The term “exploration geophysics” is becoming almost a misnomer in North America, given the focus on unconventional reservoirs, and how seismic methods are being used in these plays to develop rather than find reservoirs. With seismic reflection data being applied across the board in a variety of ways and at different resolutions in unconventional development programs, operators are combining 3-D seismic with data from other disciplines into a single integrated subsurface model. Fully leveraging the new sets of statistical and analytical tools to make better predictions from integrated multidisciplinary datasets is crucial to reducing drilling and completion risk and improving operational decision making. Multidimensional classifiers and attribute selection lists using principal component analysis and independent component analysis can be used with geophysical, geological, engineering, petrophysical and other attributes to create general-purpose multidisciplinary tools of benefit to all oil and gas company departments and disciplines. As noted, the integrated models used in resource plays increasingly are based on statistics, so any evaluation to develop the models also needs to be statistical. In the future, a basic part of conducting a successful analysis will be the ability to understand statistical data and how the data can be organized to build more tightly integrated models. And if oil and gas companies require more integrated interpretations, it follows that interpreters will have to possess more integrated skills and knowledge. The geoscientist of tomorrow may need to be more of a multidisciplinary professional with the blended capabilities of a geologist, geophysicist, engineer and applied statistician. But whether a geoscientist is exploring, appraising or developing reservoirs, he or she only can be as good as the prediction of the final model. By applying technologies such as machine learning and multiattribute analysis during the workup, interpreters can use their creative energies to extract more knowledge from their data and make more knowledgeable predictions about undrilled locations.

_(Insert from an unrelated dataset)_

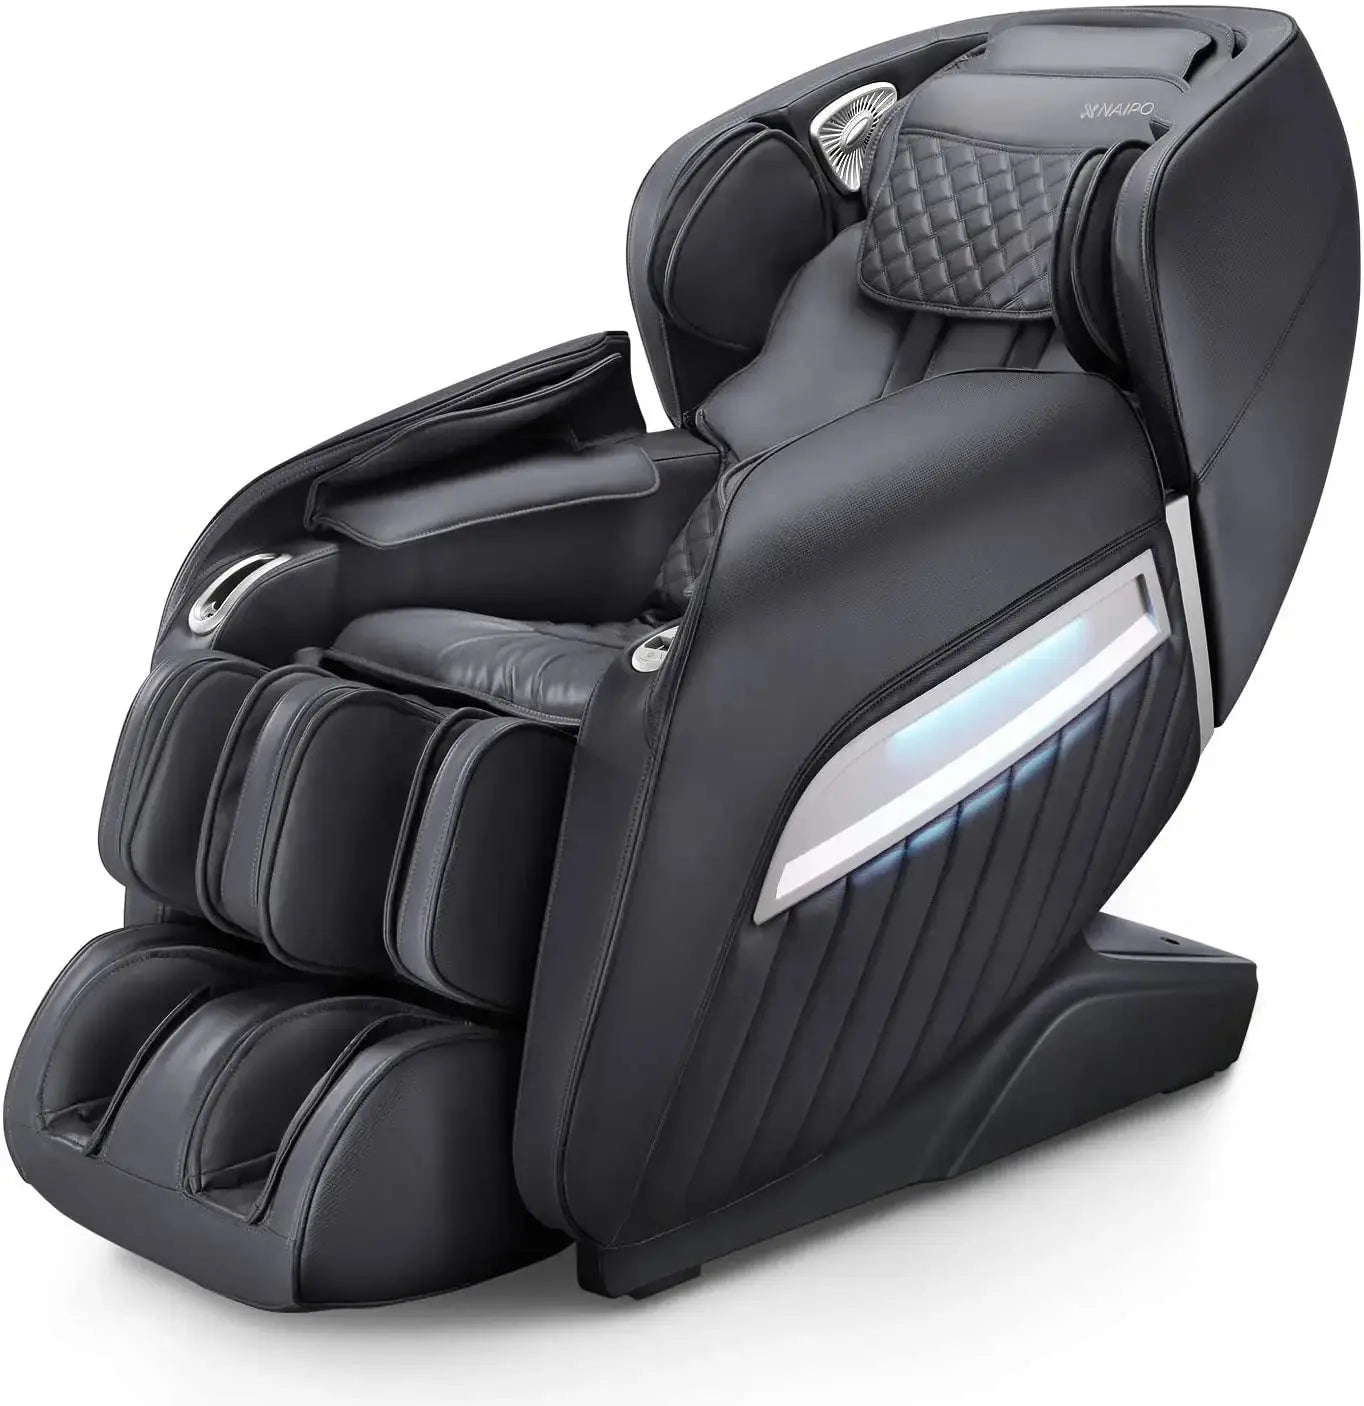 Fauteuil de massage NAIPO® Premium avec fonction de chaleur, gravité zéro, son surround 3D, massage complet du corps, utilisé
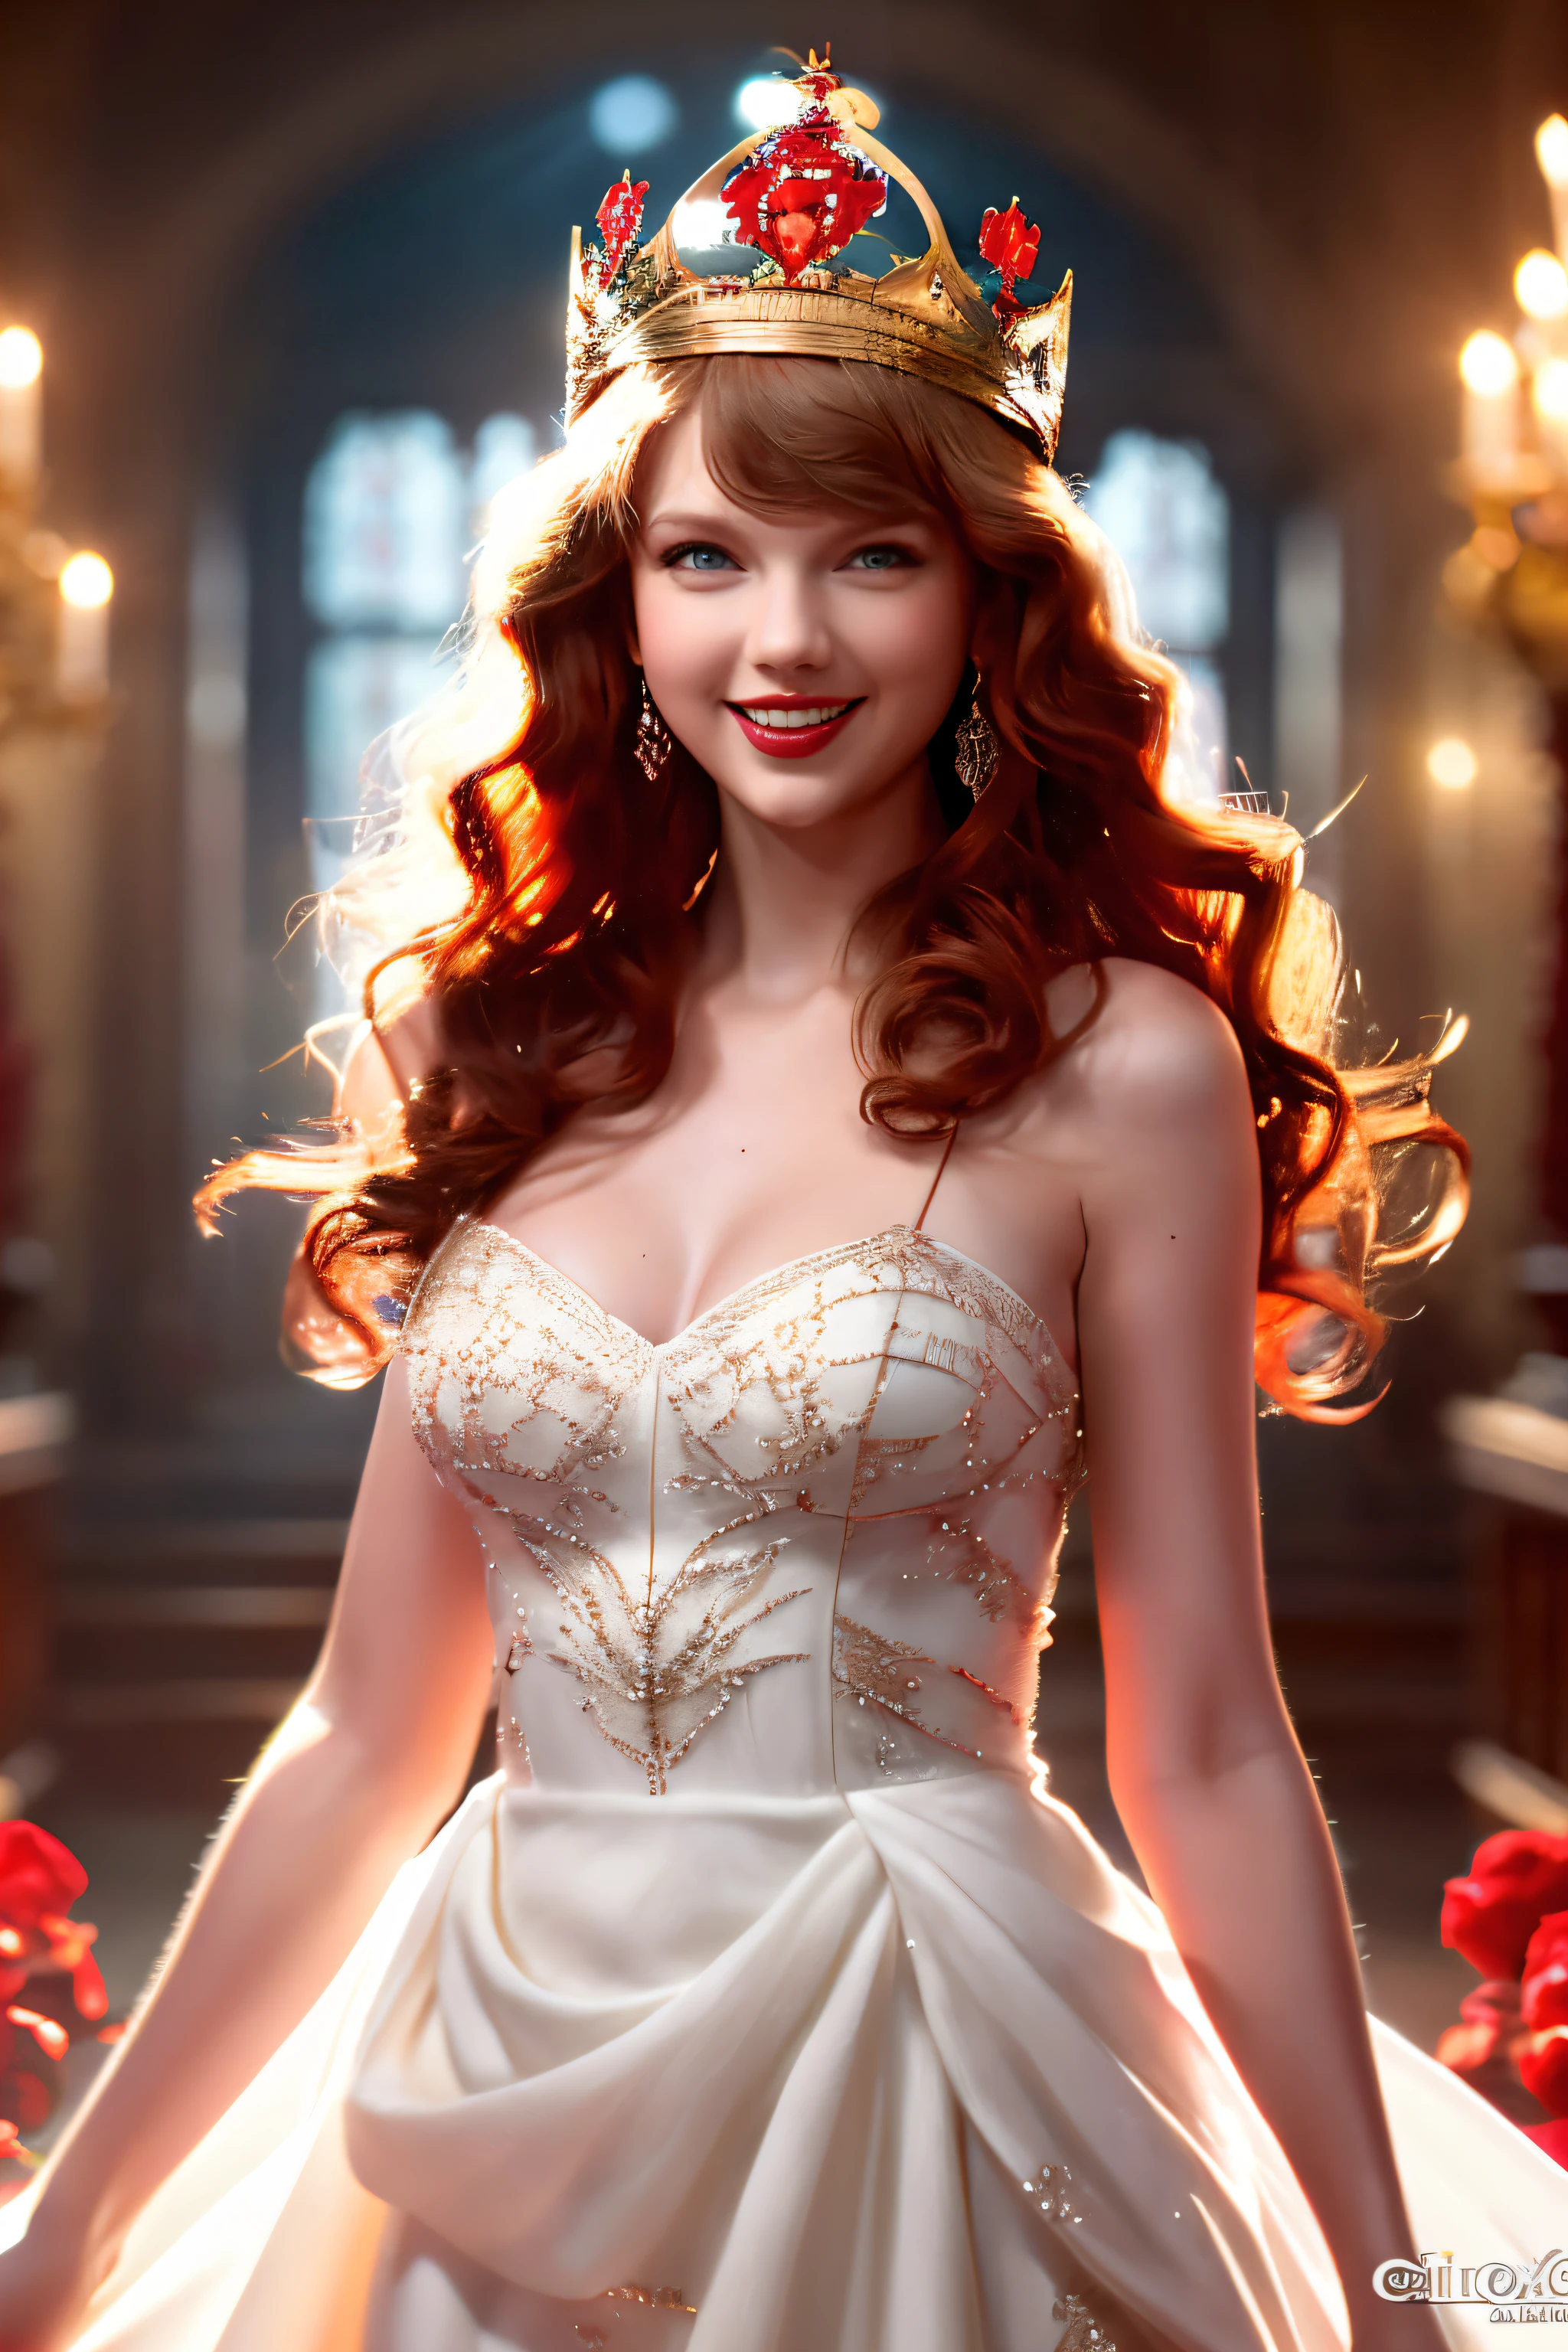 Meilleurs clichés，image haute définition,,belle femme aux cheveux rouges (porter une couronne), (Houdini, Effets visuels, avec un beau sourire,Beau, 4K ),   robe blanche et robe en satin rouge，

THOMAS A. SMITH is president and chief executive officer of Geophysical Insights, which he founded in 2008 to develop machine learning processes for multiattribute seismic analysis. Smith founded Seismic Micro-Technology in 1984, focused on personal computer-based seismic interpretation. He began his career in 1971 as a processing geophysicist at Chevron Geophysical. Smith is a recipient of the Society of Exploration Geophysicists’ Enterprise Award, Iowa State University’s Distinguished Alumni Award and the University of Houston’s Distinguished Alumni Award for Natural Sciences and Mathematics. He holds a B.S. and an M.S. in geology from Iowa State, and a Ph.D. in geophysics from the University of Houston.
KURT J. MARFURT is the Frank and Henrietta Schultz Chair and Professor of Geophysics in the ConocoPhillips School of Geology & Geophysics at the University of Oklahoma. He has devoted his career to seismic processing, seismic interpretation and reservoir characterization, including attribute analysis, multicomponent 3-D, coherence and spectral decomposition. Marfurt began his career at Amoco in 1981. After 18 years of service in geophysical research, he became director of the University of Houston’s Center for Applied Geosciences & Energy. He joined the University of Oklahoma in 2007. Marfurt holds an M.S. and a Ph.D. in applied geophysics from Columbia University.
Permanent sensors both on land and on the seafloor are collecting a new stream of seismic data that can be used for repeated active seismic, microseismic analysis, and continuous passive monitoring. Distributed acoustic sensors (DAS) record continuous seismic data very cheaply, taking another quantum step in the amount of data coming from the reservoir during exploration, development and production.
These are just two examples of how dramatically the volume of technical data is rising, says Biondo Biondi, professor of geophysics at Stanford University. “The big change taking place is in the breadth of data we can get with different kinds of sensors,” he states. “Beyond seismic, there are streams of data from sensors measuring temperature, pressure, flow, and other physical information. This is putting a strain on computational capability, but it does open the possibility of a lot of integration of geophysical and other data.”
Data sources are evolving rapidly, becoming less expensive and providing denser data. “One Stanford student is experimenting with rotational sensors that record six or seven components,” says Biondi. “Others are working with both active and passive DAS data.”
When and how to process those data are also subjects of study. “A simple DAS fiber creates terabytes of data every day,” he explains. “It is unlikely that all of the data can move in bulk across the network. Instead, some amount of real-time processing will be needed near the source.”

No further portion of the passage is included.